Assuming the Fermat Theorem, show that there is no natural number $x$, $y$, and $z$ and $n\geq3$ such that $$\frac{1}{x^n} + \frac{1}{y^n} = \frac{1}{z^n}. $$
So far I think proof by contradiction may be the best route, but I cannot find any place where I can start.
On
The only property of Fermat's Last Theorem used in the problem is that
FLT with exponent $n$ is a homogeneous equation; if $(a,b,c)$ is a solution then $(ka,kb,kc)$ is a solution, for any $k$.
This makes the existence of solutions in rational numbers equivalent to the existence of integer solutions (because an integer solution is a rational solution, and clearing denominators in a rational solution gives an integer solution).
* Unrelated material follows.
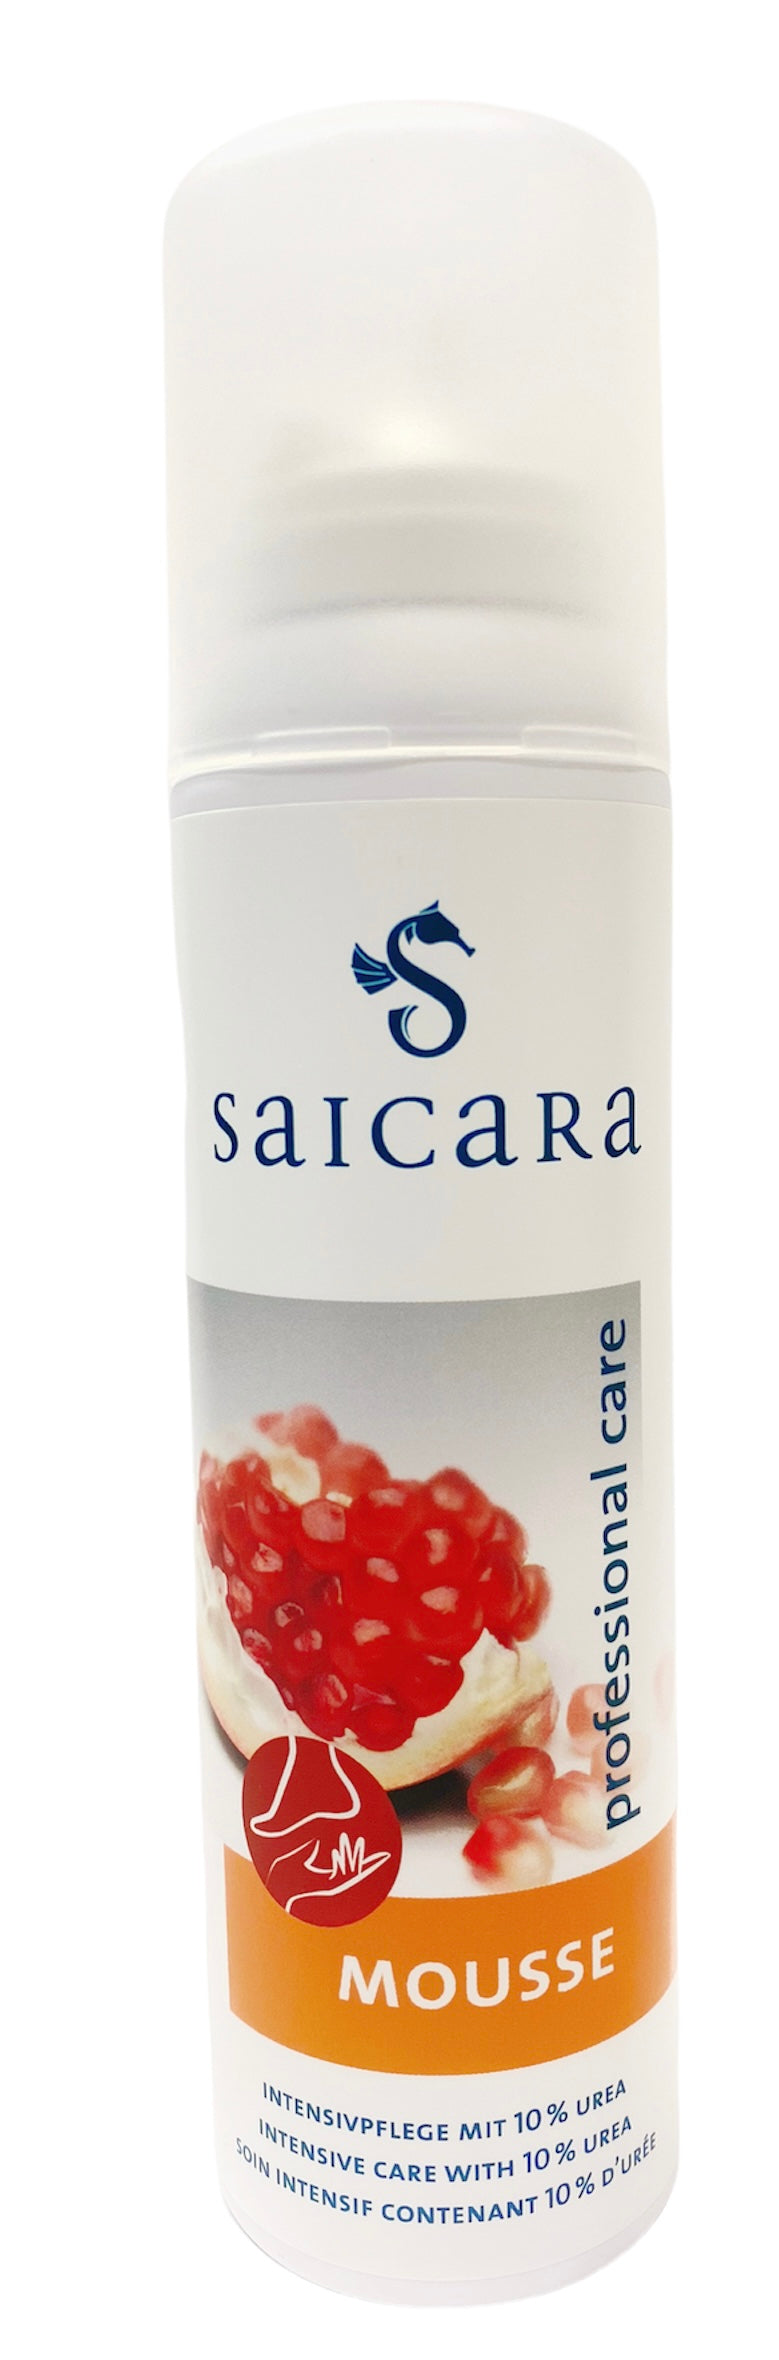 SAICARA MOUSSE foam cream for dry skin and for use on the whole body. For the care of eczema or mild psoriasis. 35ml/150ml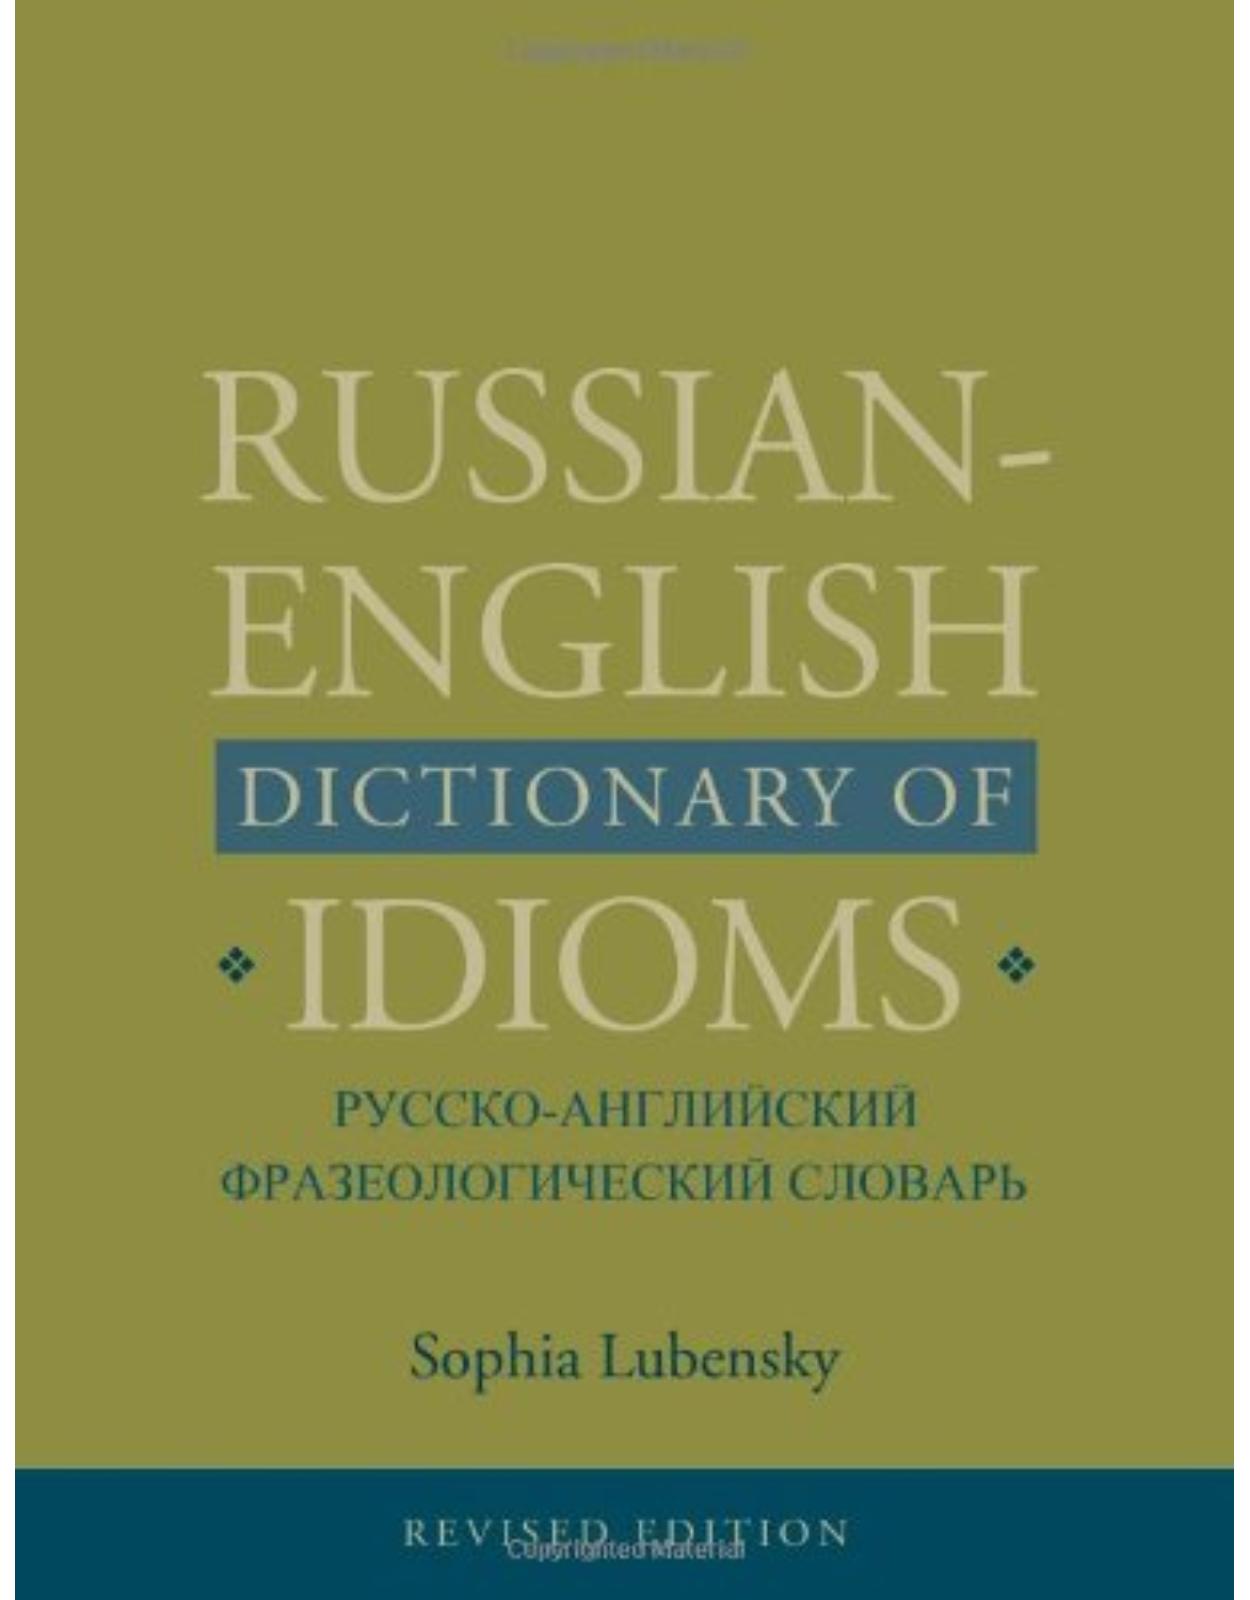 Russian-English Dictionary of Idioms.

Suppose to the contrary that $a,b,c$ are natural numbers such that $\frac{1}{a^n}+\frac{1}{b^n}=\frac{1}{c^n}$. Multiply through by $a^nb^nc^n$. We get $(bc)^n +(ac)^n=(ab)^n$. Thus $x=bc$, $y=ac$, $z=ab$ would be a natural number solution of the equation $x^n+y^n=z^n$. This contradicts the fact (Fermat's Last Theorem, proved by Wiles) that for $n\ge 3$, the equation has no solution in natural numbers.